Sunday, January 31, 2010

New chapter to my book of life/ My Journey!

I'm going to be making a progressive time line of my life so I as well as anyone following me can see for them selves my transformation as its happening. Its going to be tittled My Journey, and the 1st chapter is the thread called "there's hope for all/My journey" this is the sequel.

Flashback- After all that has happened I have aquired a rock solid foundation composed of a very strong belief system, as well as steel determination. I have made abit of a name for my self in Jersey but my game is still very weak.

1 year ago- I choose a date of departure and embark on my Journey to DC. Although I have a very strong foundation, I'm very ignorant of the world around me. I bring my room mate from Jersey. We're all we have. He is great at finding resources, and I'm a good leader. I have a very positive outlook on life but still have yet to live it.

Feb 2009- We're struggling to since our new setting is totally unknown. I celebrate my 1st birthday away from family. Room mate and I have a very different mindset and start fighting Its a shitty birthday. As time passes it gets harder and harder to make ends meet. the only social interactions I have are with coworkers. they're the only social circle I have. They're all very attracted to me but unfortunately thats as far as I can get. I notice that chicks around me such as my neighbors, co workers etc. are constantly hitting on me but I lost touch with the game I thought I had. I lost faith in all the gurus, and all these methods out there. My number 1 priority coming here was to learn game and fix my social life, but its easy to fall in the daily routine and pushing my self gets harder and harder. Specially since I have to push both my self and my room mate.

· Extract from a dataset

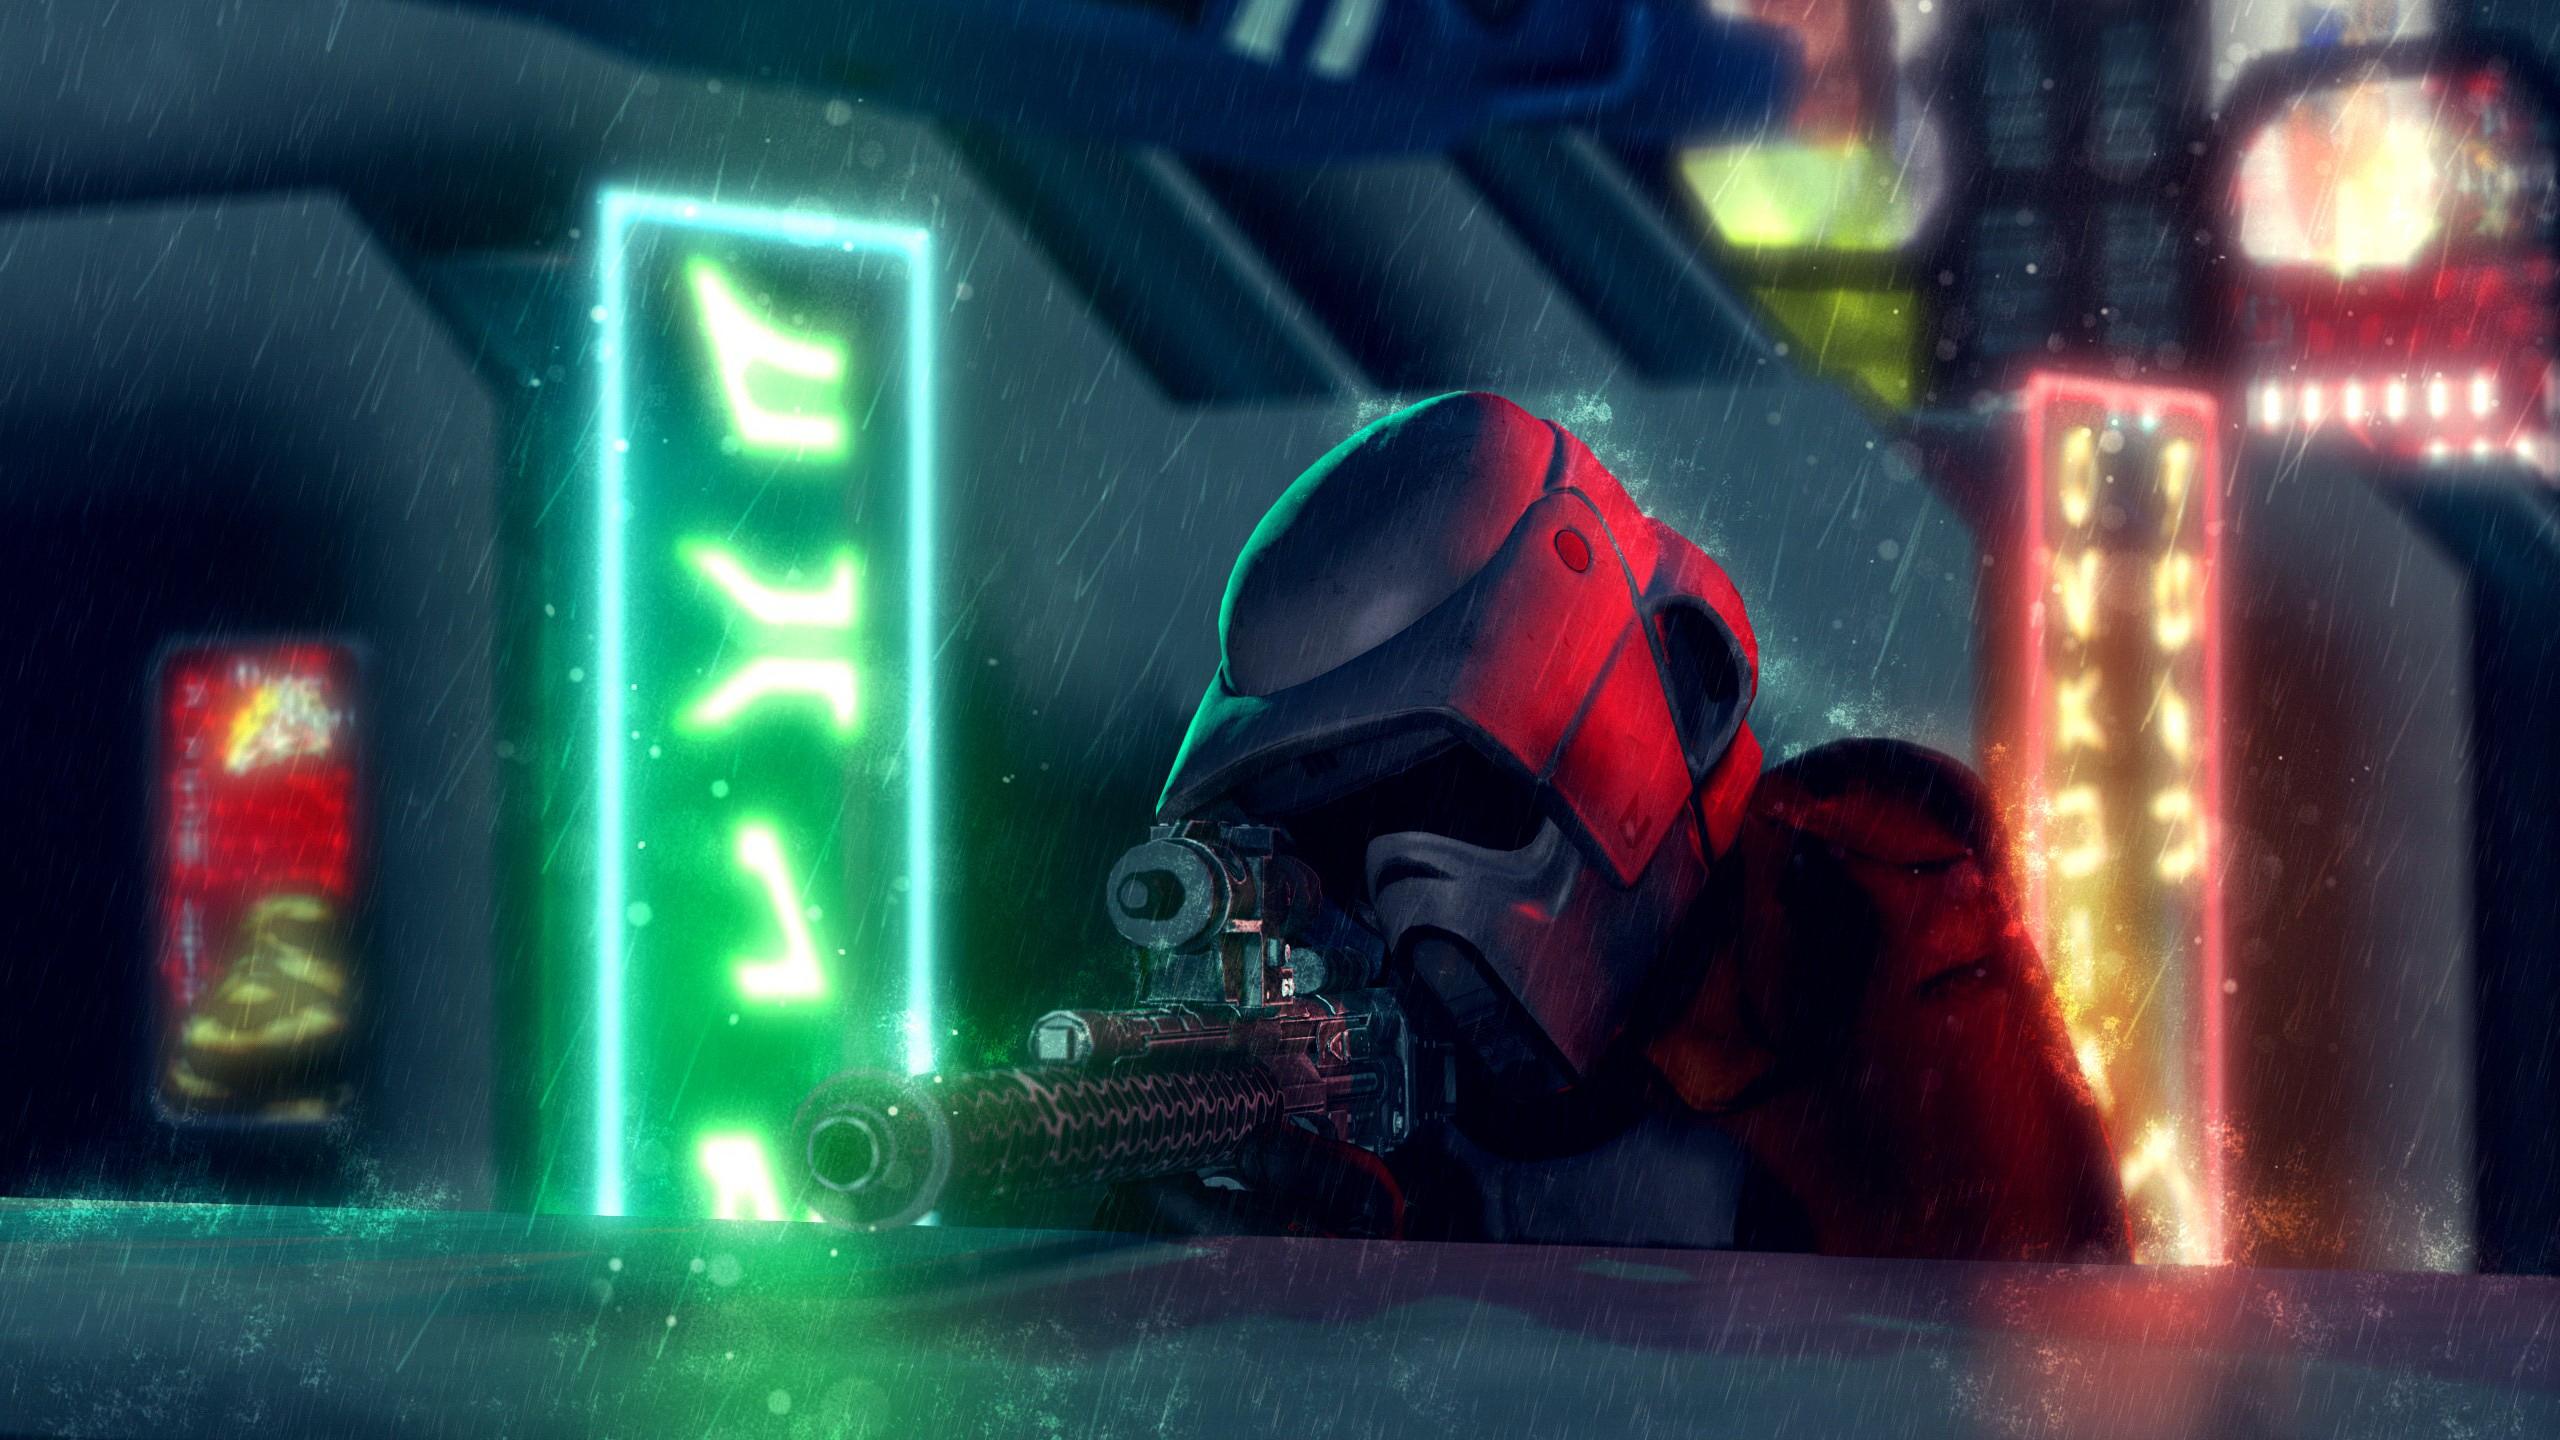 Coruscant Sniper - Star Wars Stormtrooper In Rain , HD Wallpaper & Backgrounds
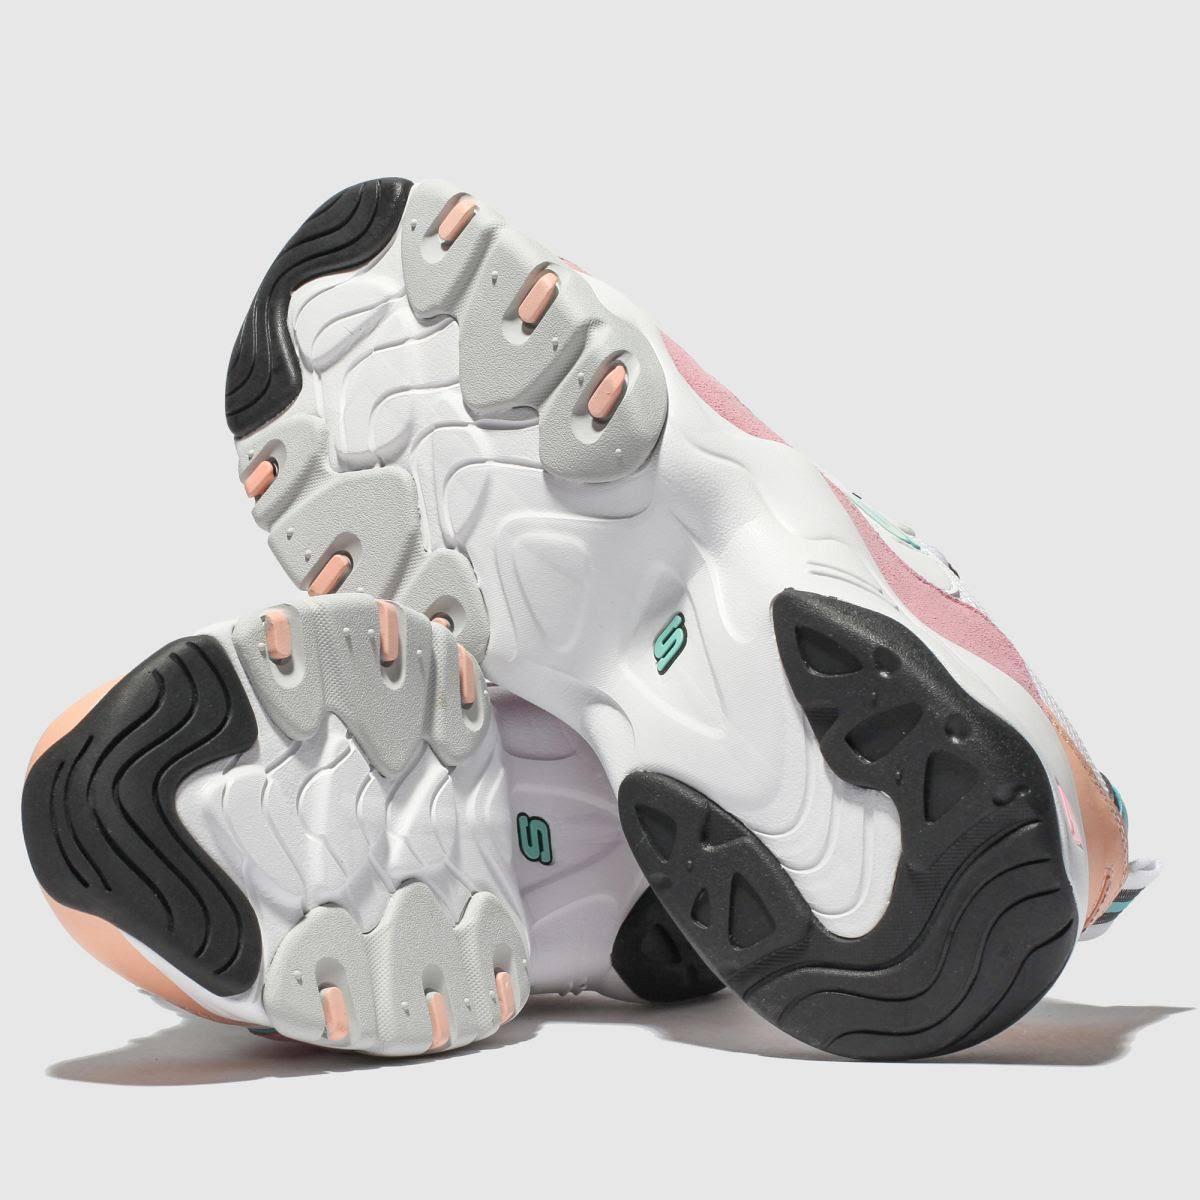 D'lites 3 Sneaker Skechers White Witrozeblauw 0 OkuPTXZi

July 2009/Self discovery- Thanks to my Room mate I get to meet some very powerful people, and because of our struggles and conflict. I'm finding out things about me that I had no clue even existed. I'm working as a promoter. I'm really getting exposed to many people but my social skillset is still very horrible. I try to get the only person I can truly trust here, my room mate to go out, and do drills with me. I know this is the perfect spot to learn game. He refuses. We continue fighting and it gets worse and worse.

September 2009/Self mastery- My room mate and I have fought so much we don't even talk anymore. Finally all the unsettled scores from our past come to life. It turns out hes always admired me but on the same token hated me due to envy. He's been disloyal and has done everything in his power to slow me down and stop me. I explode, he admits to everything and asks me for forgiveness. I have done nothing but help this guy even though hes been so ungreatful so forgiving him is kinda hard but I still do. We try to forget all that has happened but there's irreparable damage. I'm pretty much alone and so is he. Really finding out my weaknesses and strengths and learning how to use my revealed abilities to my advantage.

October 2009/Vicious unleashed- My room mate is too weak to handle living on his own so he moves back to his moms house. Its been almost 9 months and although I've learned alot I still haven't even started the missions I set out to achieve. I try to gather will power but its very very hard without someone around. Its time I start. I open my old files about game etc, and remember the forums. I go on looking for wings. Some dude posts about a lair website in DC. This could be the 1st time all the resources have aligned them selves, the environment, the people, and the system. I join the Lair and quickly become involved. So far I have ok fundamentals, balls, and certain talents I've discovered on this journey but 0 game. I'm as big a chode as they come. I decide to toss all out the window and work on each aspect of my game.

November 2009/Suicide crew campaigne- I meet up with Superman my very 1st wing ever. My social innexperience quickly shows, and its clear I have WAYs to go, but on the sane token, all that power thats gone unrecognized, unused, and unappreciated by the low value people I've been mingling in Jersey is really starting to pay off. 1st by the Promoter team I joined where i quickly became the operations manager, as the right hand man of the leader, barking orders to the promoter team. And now by the comunity of PUAs. I'm used to fighting very hard for stuff and I quickly start getting attention from the Forum members. I meet a bunch of very determined ballsy guys, and form whats known as the Suicide crew. This crew turns out to be exceptionally gifted and our progress begins to sky rocket. I'm still struggling moneywise but I'm really starting to work on social interactions.

To this date- The Sucide crew is quickly rising to the top, and I've been made Field leader. My inner self is consistently making it self known to me in different ways. I plan to rise to the top and this is the perfect time to do it.

Progression ladder

October 2009- I have a very hard time opening directly and when I do I get blown out.

November 2009- Through Suicide missions I've overcomed this step but getting girls to be receptive is almost impossible to me, and when they are I'm terrified of touching them

December 2009- I finally learned how to get girls to be receptive but the interactions die very quickly. I can't hook for shit, my kino is much better, I can sometimes get makeouts

To this date- I'm just starting to be able to consistently hook sets but I still chode a bit, and Need to work on more technical stuff.

2 comments:

  1. Thats one hell of a journey...imagine whats waiting for you in the future.

    ReplyDelete
  2. Lol our lives are so interesting, people will die to read our books!